→ **Task item**:
Please copy out every line of the data word for word.

→ **Extracted entries**:
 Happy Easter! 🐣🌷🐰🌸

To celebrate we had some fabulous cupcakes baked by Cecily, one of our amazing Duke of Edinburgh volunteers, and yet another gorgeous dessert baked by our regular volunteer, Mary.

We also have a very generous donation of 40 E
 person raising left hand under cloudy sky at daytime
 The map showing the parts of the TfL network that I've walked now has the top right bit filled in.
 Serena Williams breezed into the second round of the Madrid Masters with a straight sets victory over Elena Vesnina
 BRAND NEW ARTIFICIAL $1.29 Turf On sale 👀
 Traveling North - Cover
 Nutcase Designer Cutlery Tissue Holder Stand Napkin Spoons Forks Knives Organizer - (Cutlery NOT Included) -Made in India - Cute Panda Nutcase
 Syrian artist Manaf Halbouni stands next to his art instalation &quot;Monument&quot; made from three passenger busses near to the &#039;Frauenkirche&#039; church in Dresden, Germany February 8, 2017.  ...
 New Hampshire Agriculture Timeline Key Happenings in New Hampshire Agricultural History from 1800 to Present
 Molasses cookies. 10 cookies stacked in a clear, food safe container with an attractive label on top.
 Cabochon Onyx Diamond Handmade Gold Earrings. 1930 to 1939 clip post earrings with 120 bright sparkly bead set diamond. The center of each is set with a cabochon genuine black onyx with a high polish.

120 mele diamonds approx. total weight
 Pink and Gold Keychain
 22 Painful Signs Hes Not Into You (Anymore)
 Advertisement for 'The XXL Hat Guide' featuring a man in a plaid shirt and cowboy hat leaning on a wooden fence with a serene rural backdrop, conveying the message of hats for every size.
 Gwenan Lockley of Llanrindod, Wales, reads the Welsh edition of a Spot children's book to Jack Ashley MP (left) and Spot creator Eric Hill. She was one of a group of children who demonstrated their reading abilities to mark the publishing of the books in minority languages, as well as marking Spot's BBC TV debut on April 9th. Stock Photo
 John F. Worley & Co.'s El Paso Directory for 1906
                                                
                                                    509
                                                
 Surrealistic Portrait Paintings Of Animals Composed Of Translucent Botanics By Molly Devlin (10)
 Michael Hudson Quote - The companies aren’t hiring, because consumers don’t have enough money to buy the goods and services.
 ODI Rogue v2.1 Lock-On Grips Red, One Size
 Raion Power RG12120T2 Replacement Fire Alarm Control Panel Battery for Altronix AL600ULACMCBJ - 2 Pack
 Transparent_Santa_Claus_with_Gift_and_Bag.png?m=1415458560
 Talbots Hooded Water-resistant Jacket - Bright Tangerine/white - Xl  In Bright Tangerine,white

→ **Task solution**:
 Happy Easter! 🐣🌷🐰🌸

To celebrate we had some fabulous cupcakes baked by Cecily, one of our amazing Duke of Edinburgh volunteers, and yet another gorgeous dessert baked by our regular volunteer, Mary.

We also have a very generous donation of 40 E
 person raising left hand under cloudy sky at daytime
 The map showing the parts of the TfL network that I've walked now has the top right bit filled in.
 Serena Williams breezed into the second round of the Madrid Masters with a straight sets victory over Elena Vesnina
 BRAND NEW ARTIFICIAL $1.29 Turf On sale 👀
 Traveling North - Cover
 Nutcase Designer Cutlery Tissue Holder Stand Napkin Spoons Forks Knives Organizer - (Cutlery NOT Included) -Made in India - Cute Panda Nutcase
 Syrian artist Manaf Halbouni stands next to his art instalation &quot;Monument&quot; made from three passenger busses near to the &#039;Frauenkirche&#039; church in Dresden, Germany February 8, 2017.  ...
 New Hampshire Agriculture Timeline Key Happenings in New Hampshire Agricultural History from 1800 to Present
 Molasses cookies. 10 cookies stacked in a clear, food safe container with an attractive label on top.
 Cabochon Onyx Diamond Handmade Gold Earrings. 1930 to 1939 clip post earrings with 120 bright sparkly bead set diamond. The center of each is set with a cabochon genuine black onyx with a high polish.

120 mele diamonds approx. total weight
 Pink and Gold Keychain
 22 Painful Signs Hes Not Into You (Anymore)
 Advertisement for 'The XXL Hat Guide' featuring a man in a plaid shirt and cowboy hat leaning on a wooden fence with a serene rural backdrop, conveying the message of hats for every size.
 Gwenan Lockley of Llanrindod, Wales, reads the Welsh edition of a Spot children's book to Jack Ashley MP (left) and Spot creator Eric Hill. She was one of a group of children who demonstrated their reading abilities to mark the publishing of the books in minority languages, as well as marking Spot's BBC TV debut on April 9th. Stock Photo
 John F. Worley & Co.'s El Paso Directory for 1906
                                                
                                                    509
                                                
 Surrealistic Portrait Paintings Of Animals Composed Of Translucent Botanics By Molly Devlin (10)
 Michael Hudson Quote - The companies aren’t hiring, because consumers don’t have enough money to buy the goods and services.
 ODI Rogue v2.1 Lock-On Grips Red, One Size
 Raion Power RG12120T2 Replacement Fire Alarm Control Panel Battery for Altronix AL600ULACMCBJ - 2 Pack
 Transparent_Santa_Claus_with_Gift_and_Bag.png?m=1415458560
 Talbots Hooded Water-resistant Jacket - Bright Tangerine/white - Xl  In Bright Tangerine,white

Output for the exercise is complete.